The Magnetospheric Multiscale (MMS) mission is comprised of a quartet of identically instrumented observatories aimed at providing the first three-dimensional views of a fundamental process in nature known as magnetic reconnection.
Magnetic reconnection is the process whereby magnetic fields around Earth connect and disconnect while explosively releasing vast amounts of energy. It occurs throughout the universe.
“Magnetic reconnection is one of the most important drivers of space weather events,” said Jeff Newmark, interim director of the Heliophysics Division at NASA Headquarters in Washington.
“Eruptive solar flares, coronal mass ejections, and geomagnetic storms all involve the release, through reconnection, of energy stored in magnetic fields. Space weather events can affect modern technological systems such as communications networks, GPS navigation, and electrical power grids.”
The four MMS have been stacked on top of one another like pancakes, encapsulated in the payload fairing, transported to the launch pad, hoisted and mated to the top of the 195-foot-tall rocket.
NASA’s Magnetospheric Multiscale (MMS) observatories are shown here in the clean room being processed for a March 12, 2015 launch from Space Launch Complex 41 on Cape Canaveral Air Force Station, Florida. Credit: NASA/Ben Smegelsky
The nighttime launch of MMS on a United Launch Alliance Atlas V rocket should put on a spectacular sky show for local spectators along the Florida space coast as well as more distant located arcing out in all directions.
Liftoff is slated for 10:44 p.m. EDT Thursday March 12 from Space Launch Complex 41 on Cape Canaveral Air Force Station, Florida.
The launch window extends for 30 minutes.
Artist rendition of the four MMS spacecraft in orbit in Earth’s magnetic field. Credit: NASA
After a six month check out phase the probes will start science operation in September.
Unlike previous missions to observe the evidence of magnetic reconnection events, MMS will have sufficient resolution to measure the characteristics of ongoing reconnection events as they occur.

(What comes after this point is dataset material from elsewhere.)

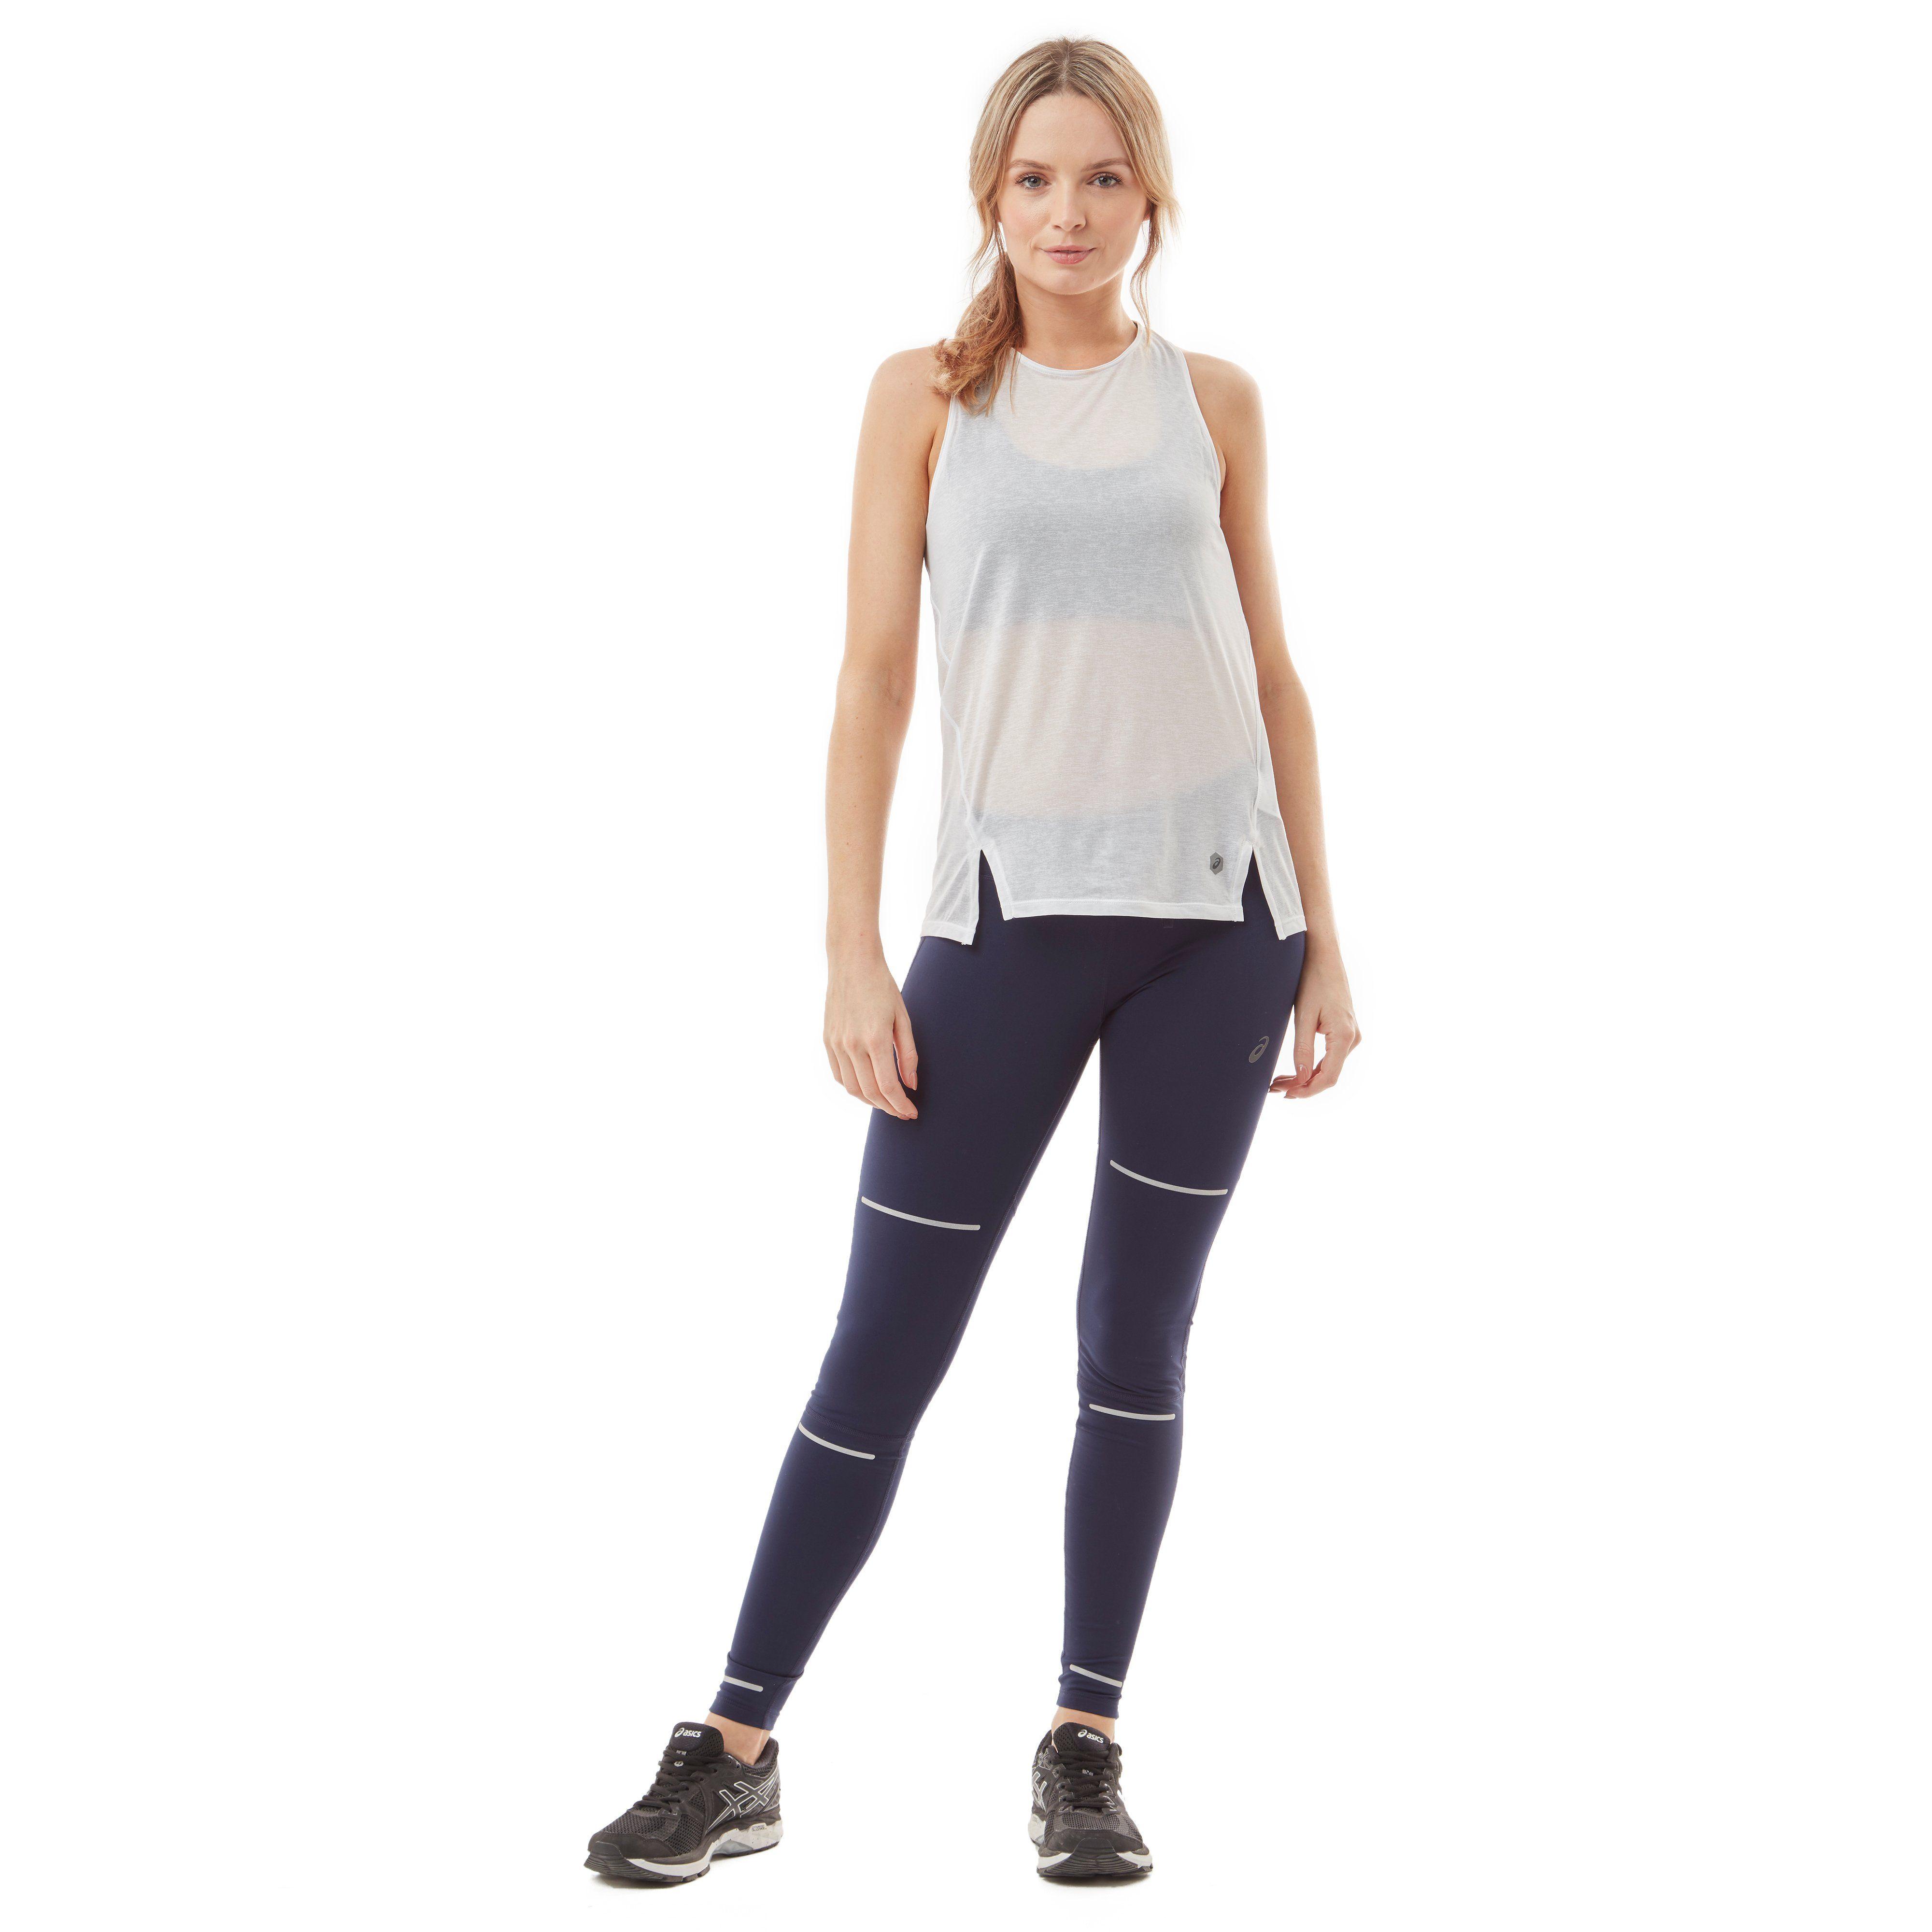 ASICS Lite-Show Women's Running Tights

The four probes were built in-house by NASA at the agency’s Goddard Space Flight Center in Greenbelt, Maryland where is visited them during an inspection tour by NASA Administrator Charles Bolden.
I asked Bolden to explain the goals of MMS during a one-on-one interview.
“MMS will help us study the phenomena known as magnetic reconnection and help us understand how energy from the sun – magnetic and otherwise – affects our own life here on Earth,” Bolden told Universe Today.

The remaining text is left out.